### 3.1 Improved convolutional neural network model

The traditional CNN model obtains the probability distribution of the input through the gradient descent method and uses multiple convolution and pooling layers to classify the extracted features [24]. The improved CNN in this paper is realized by dimension reduction. In details, this paper decomposes the source image by fast finite shear wave transform, improves the convolutional neural network, determines the number of iterations and the optimal weight of the convolutional neural network through experiments, and then fuses the image through the inverse process of **fast finite shear wave transform**.

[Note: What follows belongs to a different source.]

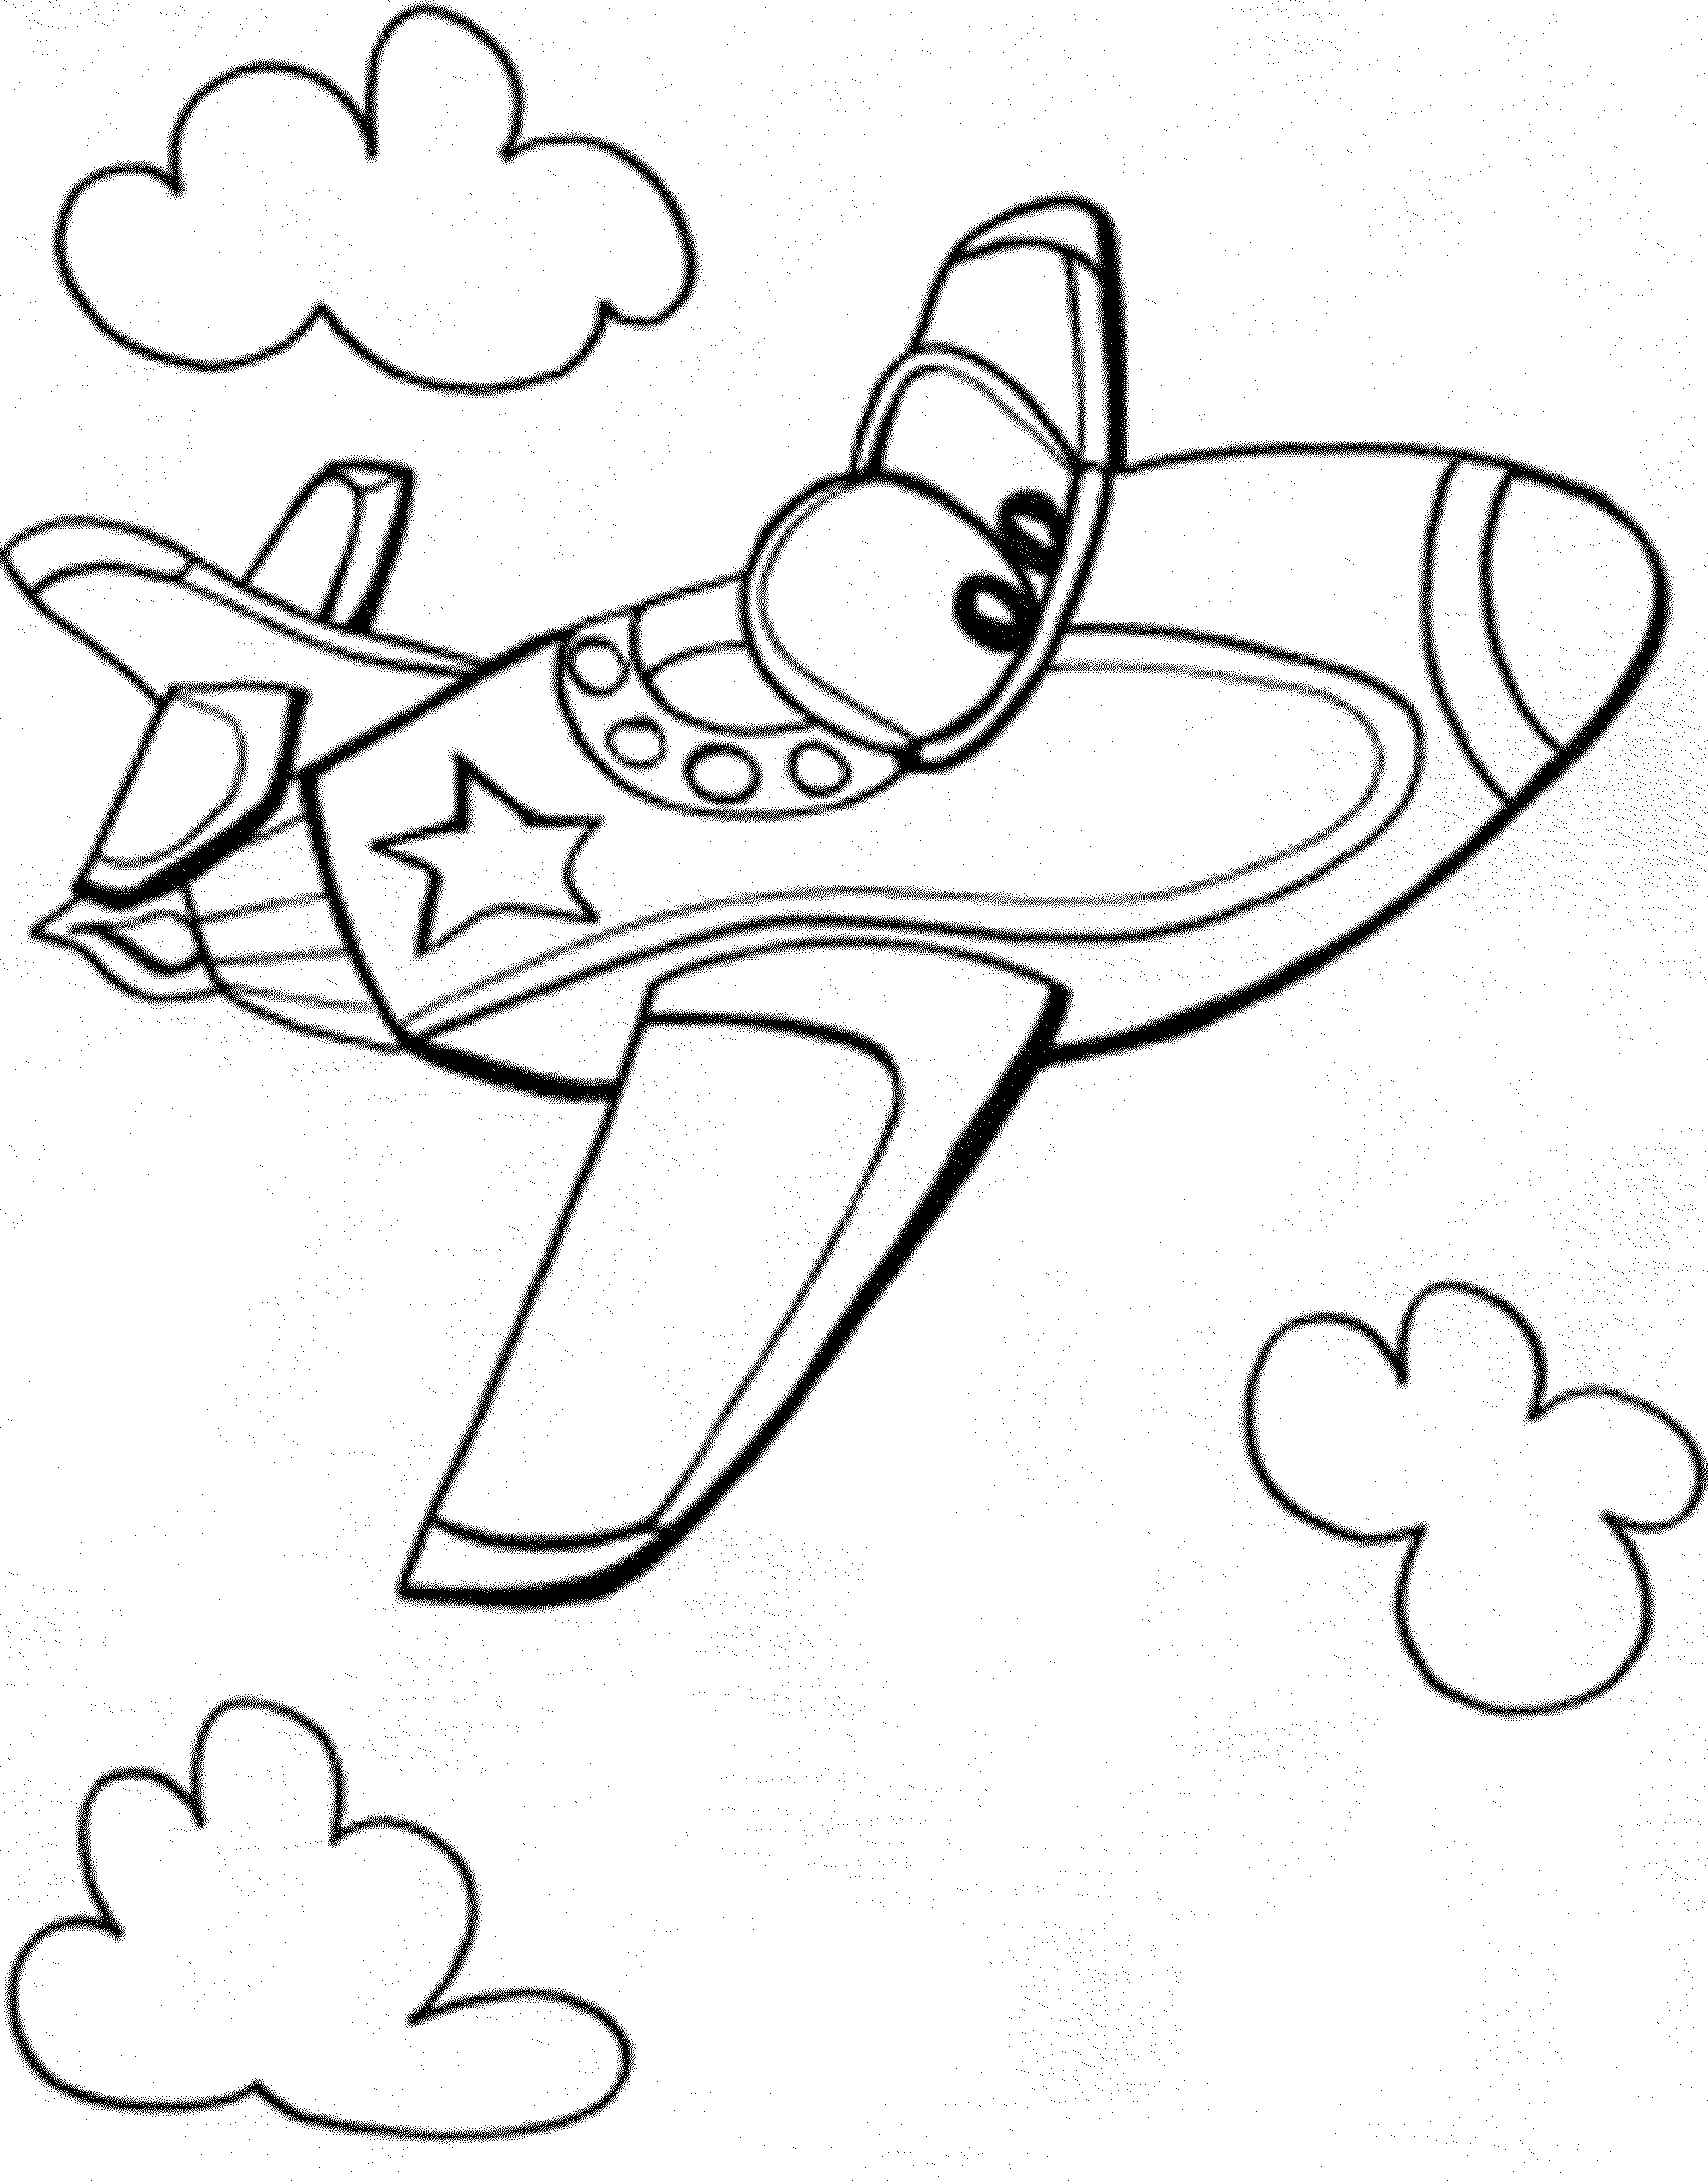 Air Plane 8 Cool Coloring Page

First, the training set \( {\left\{{x}_i,{y}_i\right\}}_{i-1}^M \) is used as input, and the output estimation function is:

$$ f\left(C,W,{x}_i\right)={W}^T\psi (x)+b $$

(2)

where *W* is the weight, *B* is the offset, *C* is the number of convolution operations, and *X* is the convolution operation. which is converted into function mapping through the hidden layer. When *L*[*C*, *W*, *x*_{i}] = [*y*_{i} − *Wψ*(*x*) + *b*]^{2} is an objective function, it can be defined as:

$$ P\left(C,W\right)=\sum \limits_{i=1}^ML\left[{y}_i,f\left(C,W,{x}_i\right)\right]+\gamma \frac{{\left\Vert W\right\Vert}^2}{2} $$

(3)

Assuming that the input equals the output, the estimation function is as follows:

$$ f(x)=\sum \limits_{i=1}^MK\left( Cx,{Cx}_i\right)+b $$

(4)

where the kernel function is *K*(*Cx*, *Cx*_{i}) = *ψ*(*Cx*)^{T}*ψ*(*Cx*_{i}), *i* = 1, …, *M* The formula of CNN's maximum pooling layer is as follows:

$$ {S}_{i,j,v}\left(\varphi \right)={\left(\sum \limits_{h=-\left\lfloor k/2\right\rfloor}^{\left\lfloor k/2\right\rfloor}\sum \limits_{w=-\left\lfloor k/2\right\rfloor}^{\left\lfloor k/2\right\rfloor }{\left|{\varphi}_{g\left(h,w,i,j,v\right)}\right|}^p\right)}^{1/p} $$

(5)

where *φ* is the *W×H×G* 3D array of the input image, which is also the feature map of each input image. *H* is the height, *W* is the width, *G* is the number of channels, *k=*2, which *g(h,w,i,j,v)* means the mapping from *R* to *k* at a certain step size. After continuous iteration, when *k*=3 and *R*=2, the result can maintain the invariance of feature scale to a great extent; the formula is:

$$ {u}_{i,j,l}\left(\varphi \right)=f\left(\sum \limits_{h=-\left\lfloor k/2\right\rfloor}^{\left\lfloor k/2\right\rfloor}\sum \limits_{w=-\left\lfloor k/2\right\rfloor}^{\left\lfloor k/2\right\rfloor}\sum \limits_{v=1}^M{\theta}_{h,w,v,l}\cdot \kern0.5em {\varphi}_{g\left(h,w,i,j,v\right)}\right) $$

(6)

where *θ* is the kernel weight, l represents the number of outputs, *i*, *j*, *u* represents the coordinates (*i*, *j*) on the scale *u*, and the activation function is ReLU.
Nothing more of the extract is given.